While Orange Is the New Black hardly has the death count of male-dominated prison dramas like Oz, a shocking percentage of casualties are LGBT characters, including the first major death on the Netflix series. We barely learned the backstory for Tricia (Madeline Brewer), a 19-year-old drug addict and pawn to season 1 guard and causer of pain "Pornstache" Mendez. While Tricia had been clean under the tutelage of fellow inmate Red (Kate Mulgrew), she ended up overdosing on a bag of Oxycontin that Mendez pushed her to deal. The story on its own could be viewed as an appropriately tragic end to the misguided and troubled character, but it started an unfortunate trend at Litchfield that continues today.
What, you didn’t realize Victoria Hand (Saffron Burrows) was an out lesbian? That’s because showrunners never managed to get to that part of the backstory for a character who has been out in the comics since her first appearance in 2008 before having her violently killed by Ward (Brett Dalton) at the climax of the first season. All the more irritating, her girlfriend Isabelle Hartley (Lucy Lawless) was only introduced after Hand’s death, and no mention of the relationship was made before Hartley’s own demise.
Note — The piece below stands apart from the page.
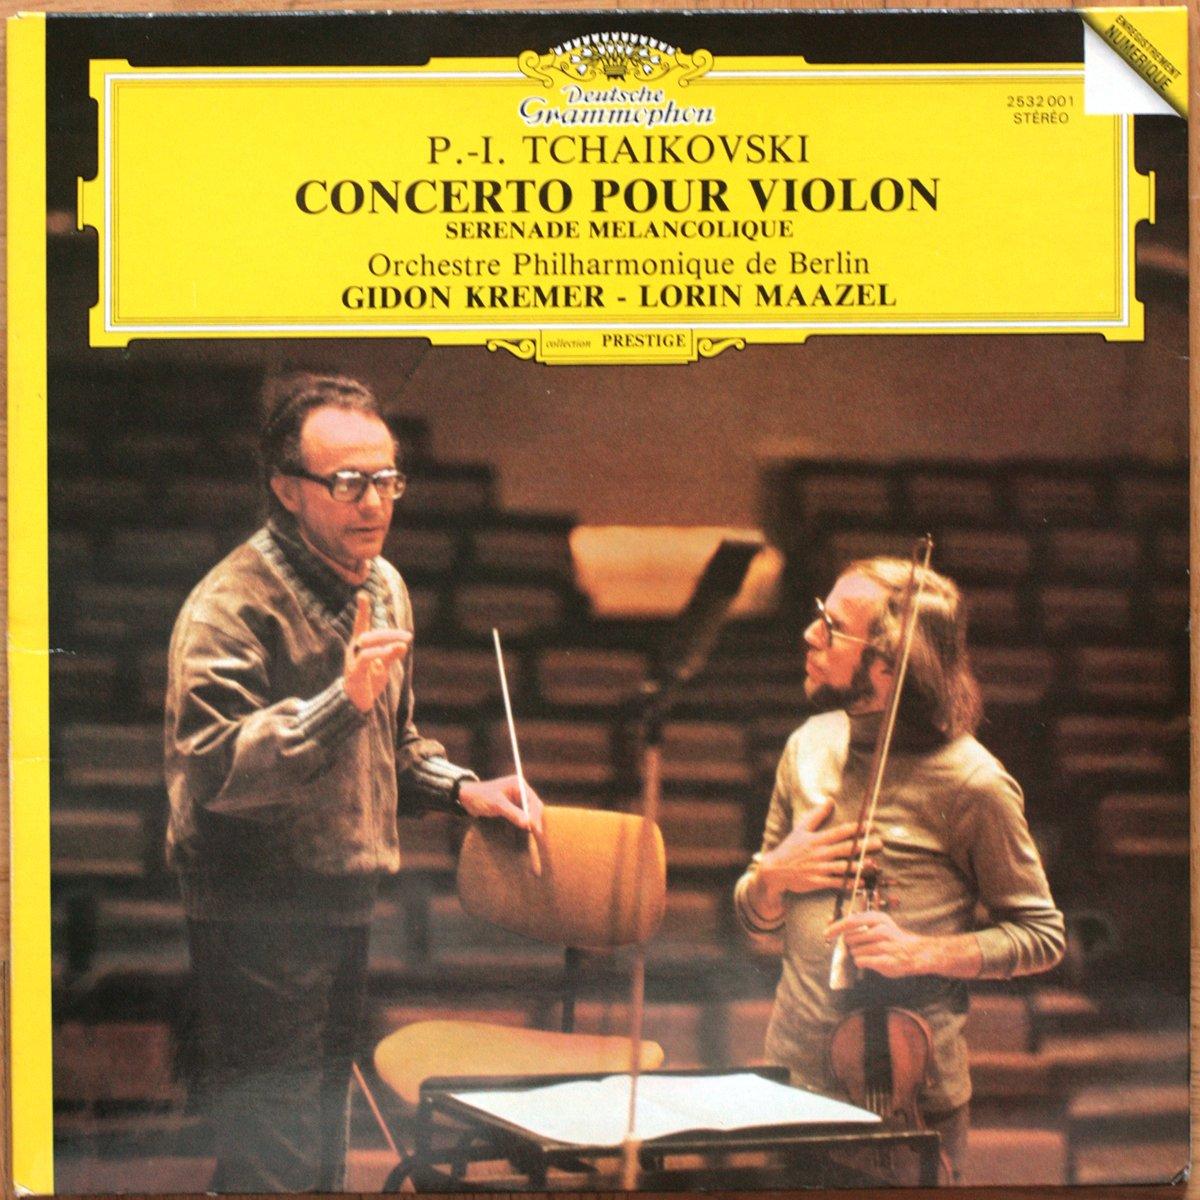 DGG 2532001 Tchaikovsky Concerto Violon Kremer Maazel

It wasn’t just audiences upset at Angela Darmody’s death on Boardwalk Empire. Actress Aleksa Palladino had carefully researched the life of reclusive female artists post-World War I and expected to portray the character for some time. “I imagined so much more for her,” she told Fast Company. Married to careless gangster Jimmy (Michael Pitt), she privately enjoyed dalliances with other women, first with Mary (Lisa Joyce) and later with Louise (Kristen Sieh). Angela always seemed stalked by betrayal, with Mary and her husband denying her an opportunity to live as a Parisian throuple and Jimmy seeing women behind her back. Her story closed near the end of season 2 when an enemy of Jimmy’s killed her and Louise in the Darmody home.
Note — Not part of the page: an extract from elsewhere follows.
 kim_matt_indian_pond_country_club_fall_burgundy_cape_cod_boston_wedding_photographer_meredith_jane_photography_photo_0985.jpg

Over four seasons, the Netflix smash Orange Is the New Black has delved into some major social issues about law enforcement and the prison system, but LGBT characters often suffer the most when the show takes serious turns. Viewers were stunned when fan favorite Poussey (Samira Wiley) ended up on the short-of-breath end of an Eric Garner-inspired plotline — writers go so far as to have Poussey mouth, “I can’t breathe” before dying at the hands of a guard. Even Wiley was surprised by the level of fan outrage, but the death comes on the heels of numerous lesbian television casualties this year, and it managed to take out one of TV’s few queer people of color at the service of social commentary over story. That the move was conceived in a writers’ room with no black people just enraged fans more.
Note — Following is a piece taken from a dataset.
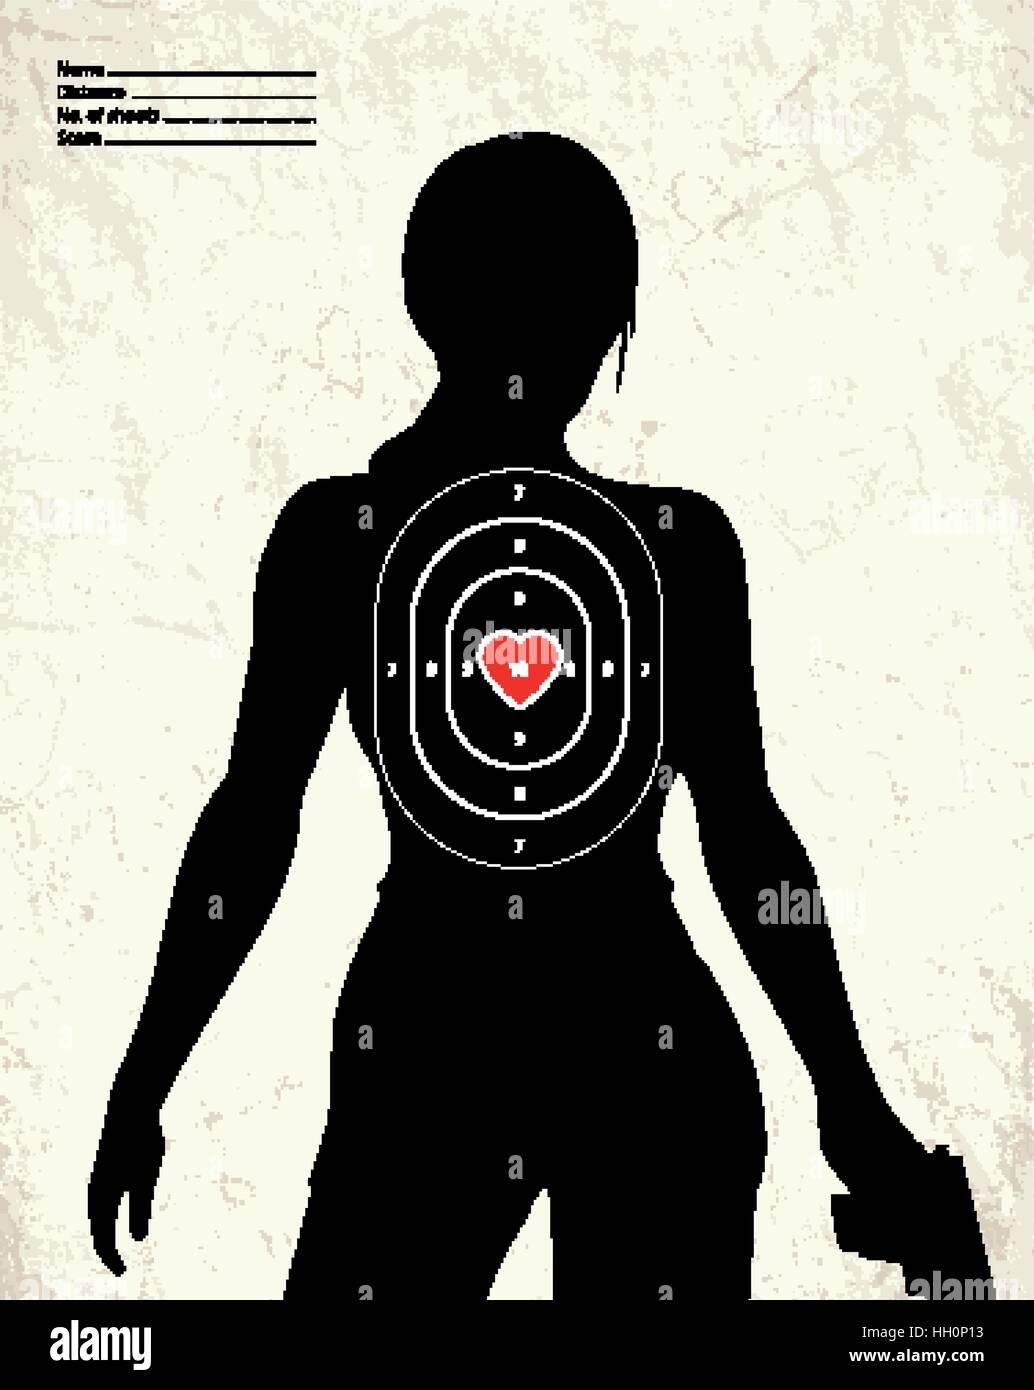 119376a127165 Dangerous armed woman - shooting range target Stock Vector Art ...

The gay male population of Westeros fell to zero in the season 6 finale of Game of Thrones, but not before Ser Loras Tyrell (Finn Jones) endured public humiliation. After spending most of the last two seasons locked andtortured in a dungeon, his sister Margaery (Natalie Dormer) negotiated a deal to have him released if he confessed in a homophobic church that sinned by laying with men, including the traitor Renly Baratheon. Then he pledged his life to the hateful church and was shockingly mutilated by having the symbol of the faith carved in his forehead (something Margary made clear was not part of the deal). It was all for nothing, though, as his sister, and the entire congregation, were blown up by the wicked Cersei Lannister immediately after. House Tyrell was reduced to only the accepting grandmother, who once unabashedly referred to Loras as a “sword swallower through and through.” LGBT viewers, meanwhile, are left with only the lesbian character of Yara.